*** Opening Information provided ***
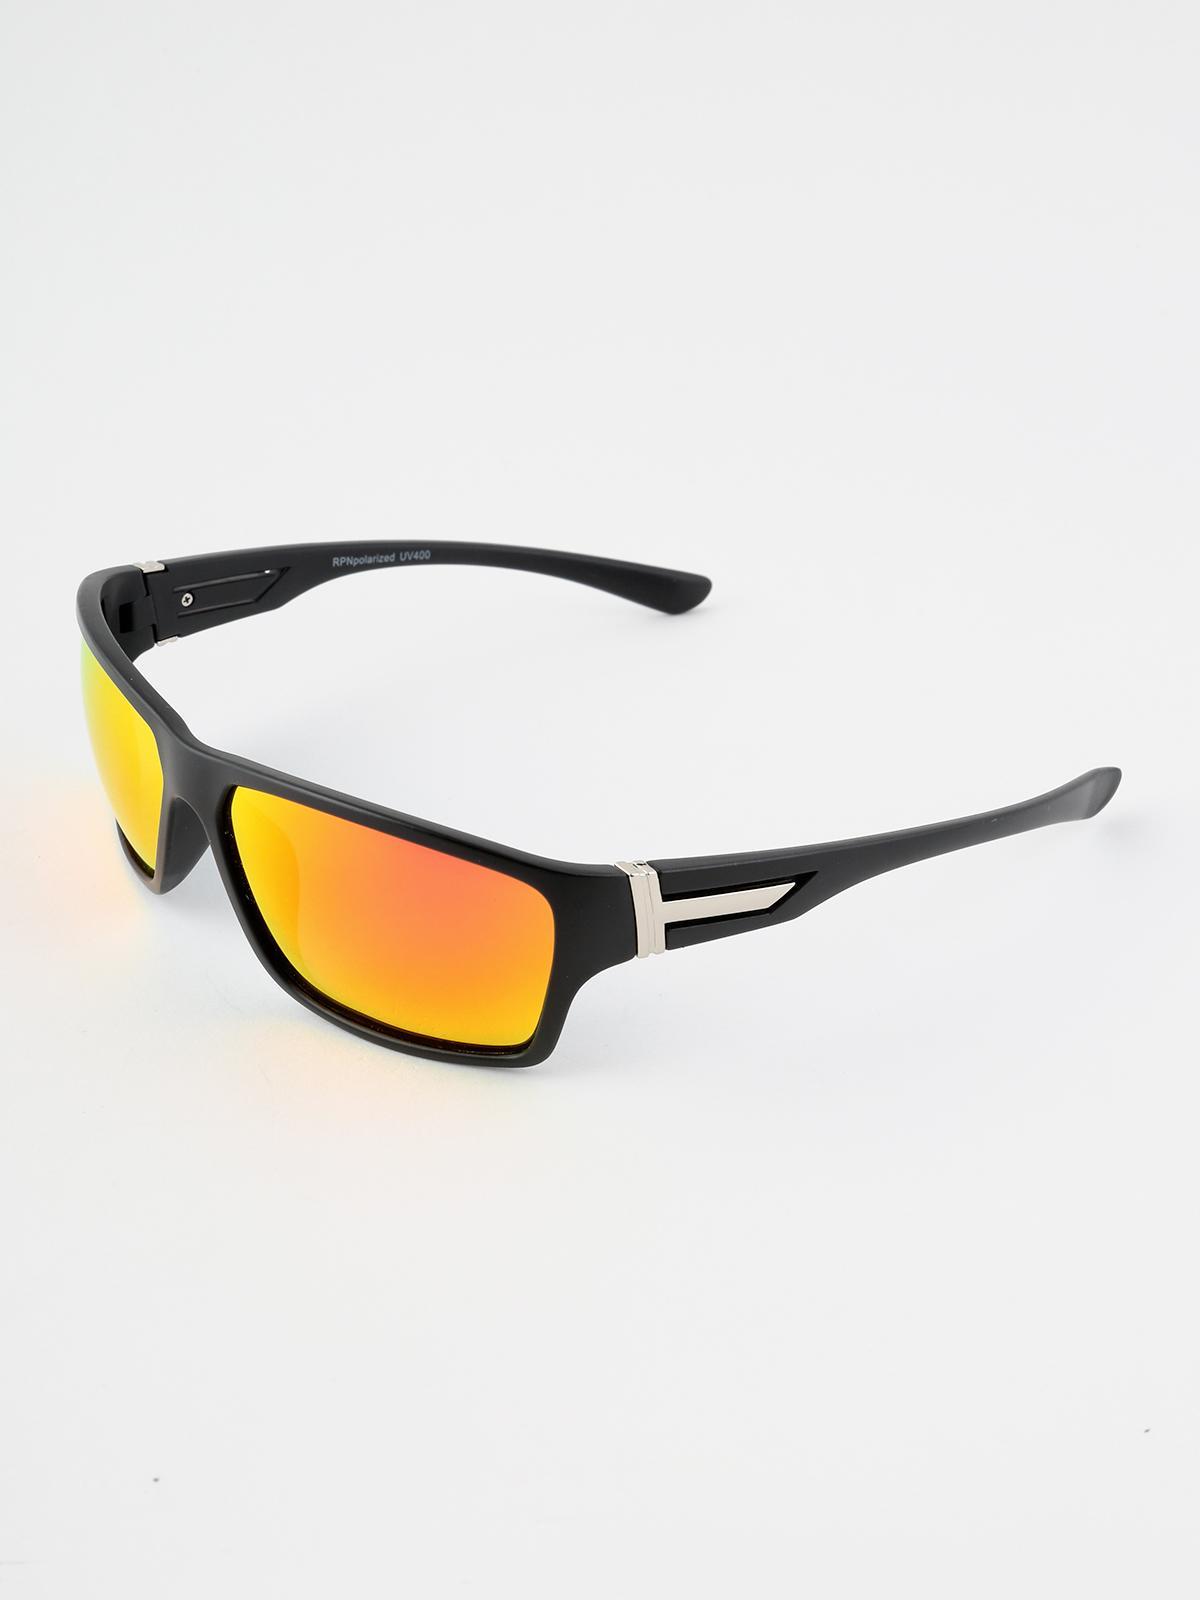 design senza tempo 34189 bcbf0 Occhiali da sole con lenti polarizzate rpn | MecShopping
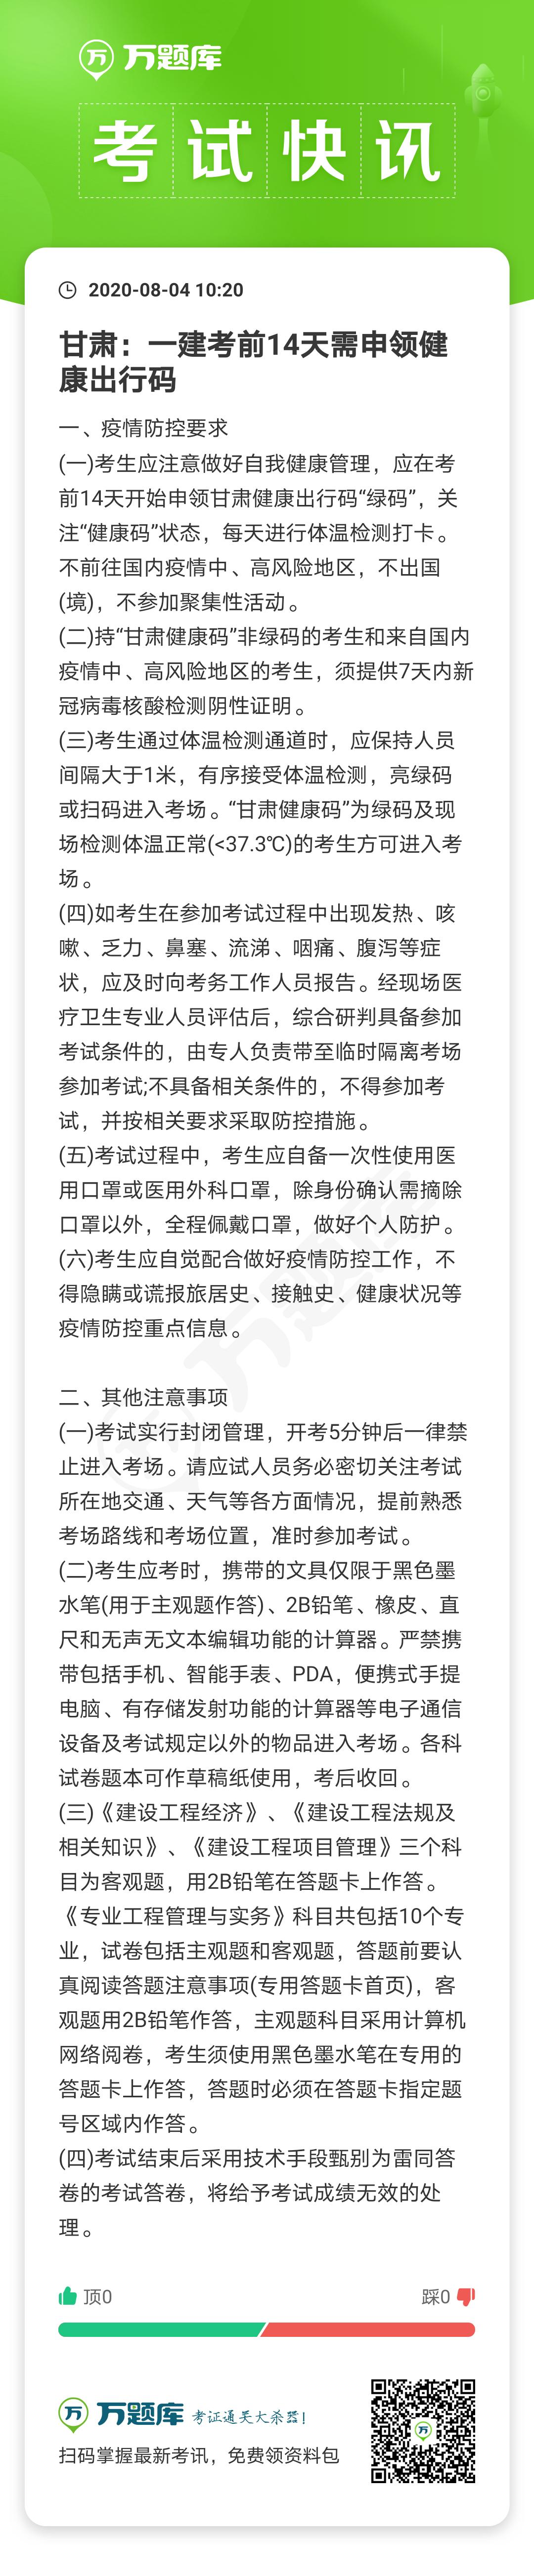 甘肃:2020年一建考前14天需申领健康出行码
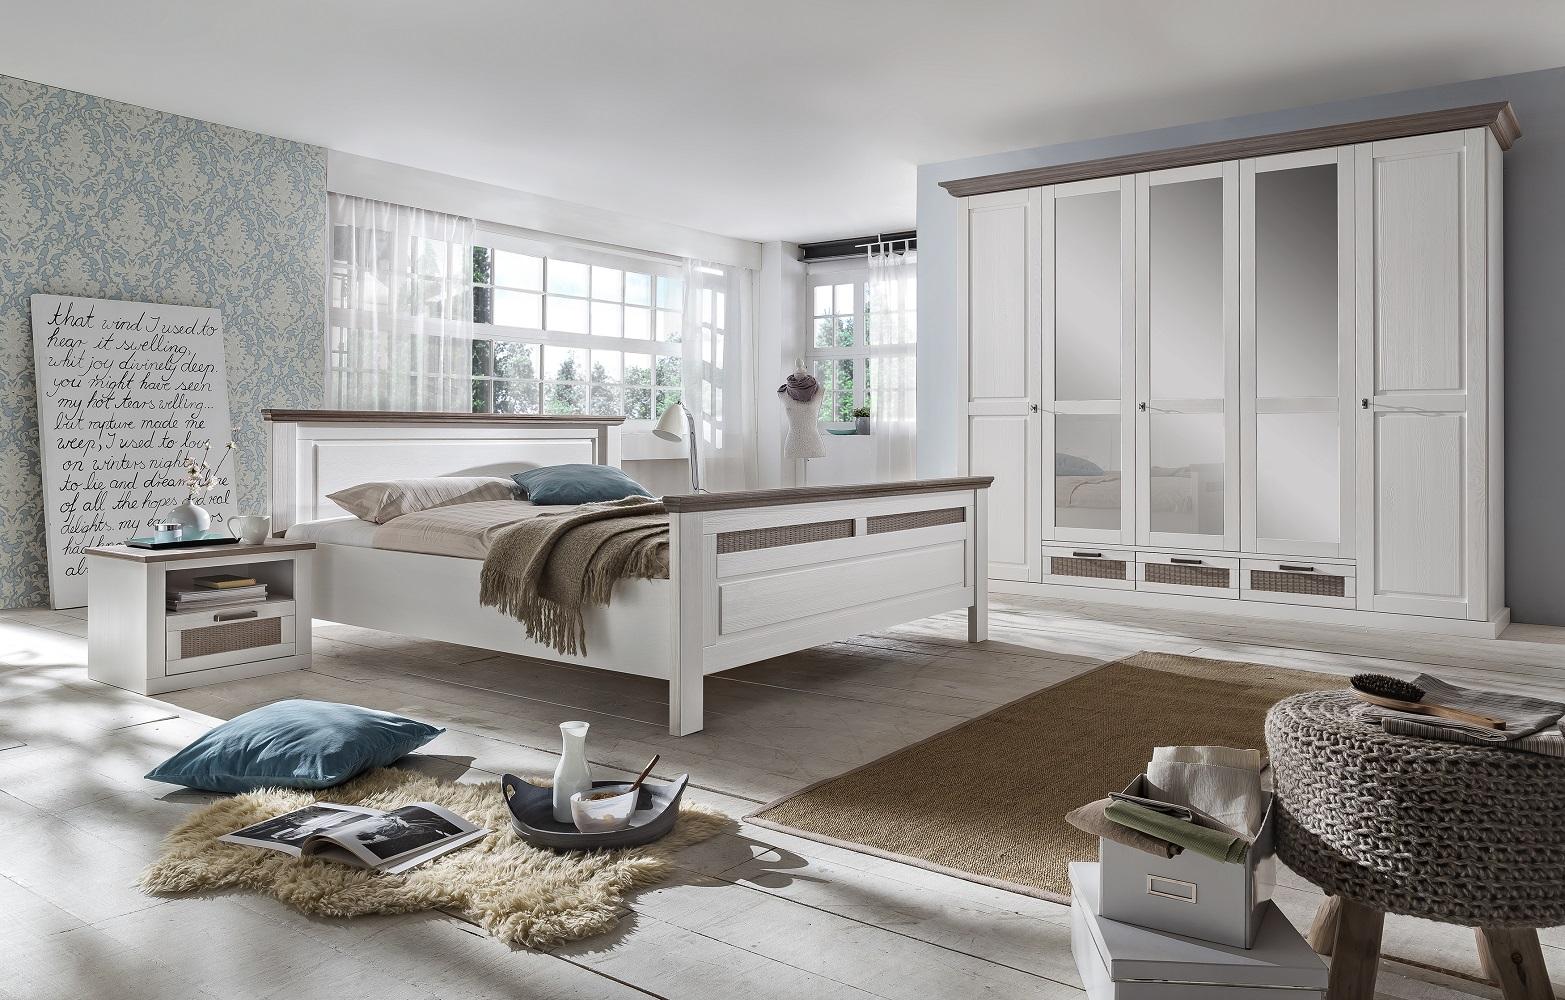 Full Size of Kleiderschrank Lugano Pinie Teilmassiv Taupe 5 Trig 3 Schubksten Regal Mit Wohnzimmer Kleiderschrank Real
*** Closing Information provided ***
Problem. Reproduce the whole listing exactly, but not the images in it.

Worked solution.
 design senza tempo 34189 bcbf0 Occhiali da sole con lenti polarizzate rpn | MecShopping
 甘肃:2020年一建考前14天需申领健康出行码
 Full Size of Kleiderschrank Lugano Pinie Teilmassiv Taupe 5 Trig 3 Schubksten Regal Mit Wohnzimmer Kleiderschrank Real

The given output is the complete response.